The Google Enterprise Blog:

When we launched the premium business version we kept our free, basic version as well. Both businesses and individuals signed up for this version, but time has shown that in practice, the experience isn’t quite right for either group. Businesses quickly outgrow the basic version and want things like 24/7 customer support and larger inboxes. Similarly, consumers often have to wait to get new features while we make them business-ready.

With this in mind, we’ve decided to make things very straightforward. Starting today for all new customers:

  • Individuals wishing to use Google’s web apps like Gmail and Google Drive should create a free personal Google Account, which provides a seamless experience across all of our web services on any device.

  • For Businesses, instead of two versions, there will be one. Companies of all sizes will sign up for our premium version, Google Apps for Business, which includes 24/7 phone support for any issue, a 25GB inbox, and a 99.9% uptime guarantee with no scheduled downtime. Pricing is still $50 per user, per year.

The first bits that eventually became Google Apps for Domains are 6 years old, and now the free product (which was the first one) is just gone. I have set up Google Apps accounts for tons of people over the years and use it myself on a daily basis.

I’m sad to see the free product go. My assumption is that this change is part of their apparent and current strategy of getting more and more people shoved over to Google+, which isn’t as ubiquitous on the Apps platform and doesn’t matter as much to business and/or government users.

The Sparrow blog:

We’re excited to announce that Sparrow has been acquired by Google!

We care a lot about how people communicate, and we did our best to provide you with the most intuitive and pleasurable mailing experience.

Why does that last sentence sound like they failed at it or are giving up?

We’d like to extend a special thanks to all of our users who have supported us, advised us, given us priceless feedback and allowed us to build a better mail application. While we’ll be working on new things at Google, we will continue to make Sparrow available and provide support for our users.

We had an amazing ride and can’t thank you enough.

Translation: We won’t be adding any features to the app, so you can forget about bottom-posting or any other feature requests. Might not even be pushing bug fixes.

EJECT!! EJECT!!

If you are looking for a new mail client, I can recommend and use Postbox. Made by part of the original Thunderbird team, has support for Gravatars, does bottom-posting with selective quotes, does cool things with Gmail, has a great Inbox Zero flow.

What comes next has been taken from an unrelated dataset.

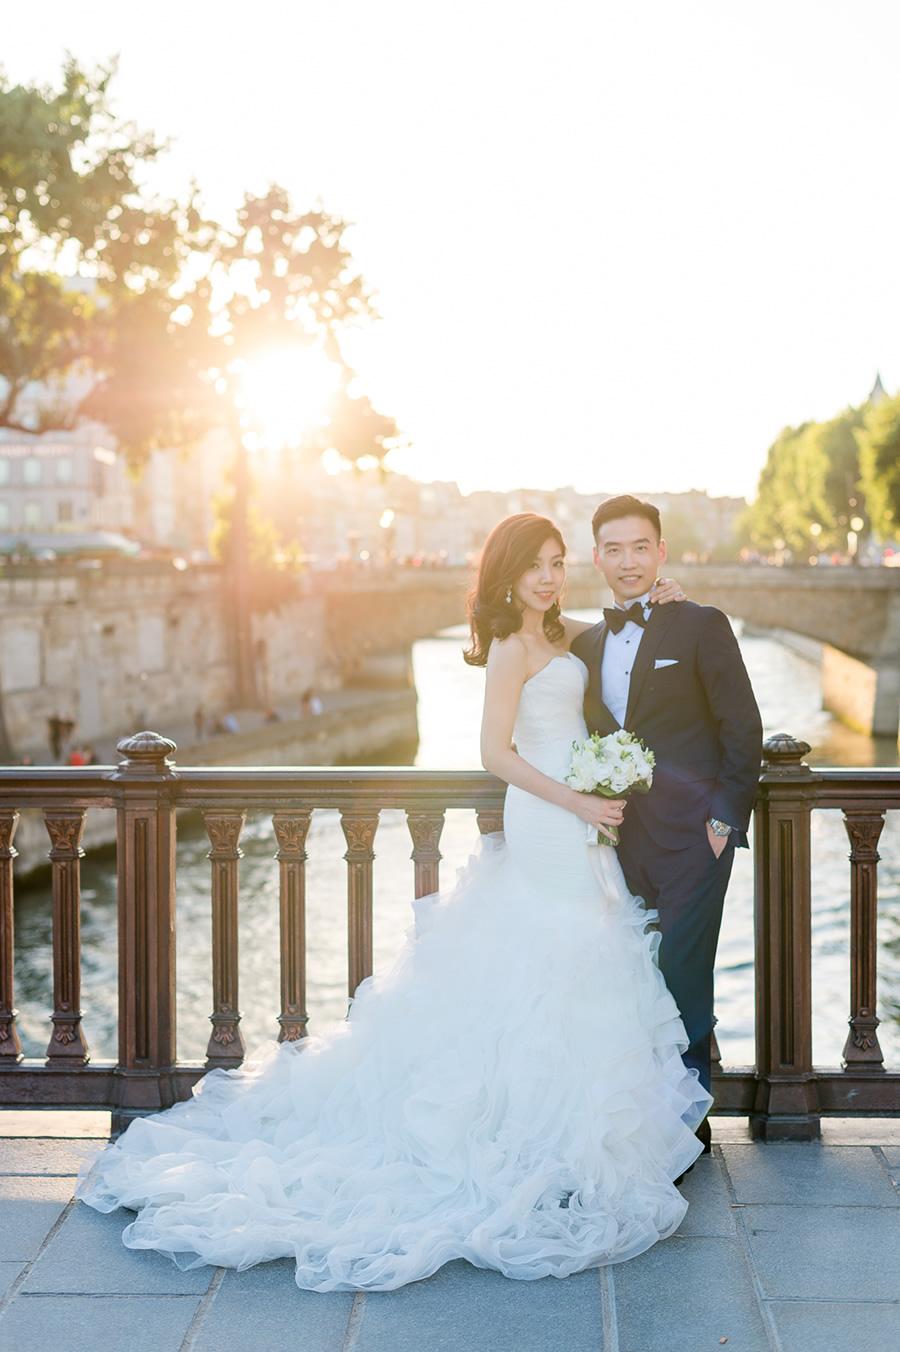 塞納河畔,法國婚紗, 巴黎婚紗, 海外婚紗, Pre-wedding, 自助婚紗, 海外婚紗, 婚紗攝影, 手工婚紗 ,自助婚紗工作室, 婚紗攝影工作室 ,手工婚紗, 婚攝roger

I can only hope they do an iOS email client as well someday.

It’s telling that even within the Gmail team, there is a basic, fundamental, deep-seeded inability to put things together in a contextually graceful way that makes sense to actual (non-Googler) users—in other words, to deliver a great user experience.

[…]

Understanding how users want to navigate around the application, which tasks to show as buttons versus which to hide in menus, which features should be left out completely, and so on . . . those seemingly minor decisions are often the difference between good software and great software, and the reason great product managers and interaction designers are always in demand.

This is very true. I didn’t understand how true until I began working with these things a few years ago. It’s fascinating to watch how hard my colleagues work every day to provide and continually improve excellent user experiences.

You should read the whole thing. (via TechCrunch.)

Reuters:

Networking and blogging sites account for almost ten percent of time spent on the internet — more than on email.

Time on the sites ranked fourth, after online searching, general interest sites, and software sites, according to a study released by Nielsen Online.

One in every 11 minutes spent online globally is on networking sites. Between December 2007 and December 2008, the time spent on the sites climbed 63 percent to 45 billion minutes.

I don’t find this horribly surprising. I suspect the chief reason social networking is winning out over email is spam-related. Even with good filtering that’s out there like Gmail, there are still a lot of people who have email accounts that let a whole bunch through, and the amount of it now is just staggering.

Social networking is more attractive than email because it’s largely permission-based. If I don’t want you to speak to me or know anything about me, I can shut you out and there’s nothing you can do about it. Messaging is largely controlled in the same way, and in the case of (especially) Facebook, there’s a lot more than just communication I can do within the same web service. I can play a game with one of my friends, I can upload a picture or tag an article… there are a lot of options.

What do you think? Why are people spending more time on social networks than with email? (I sincerely hope it’s not because of SuperPoke.)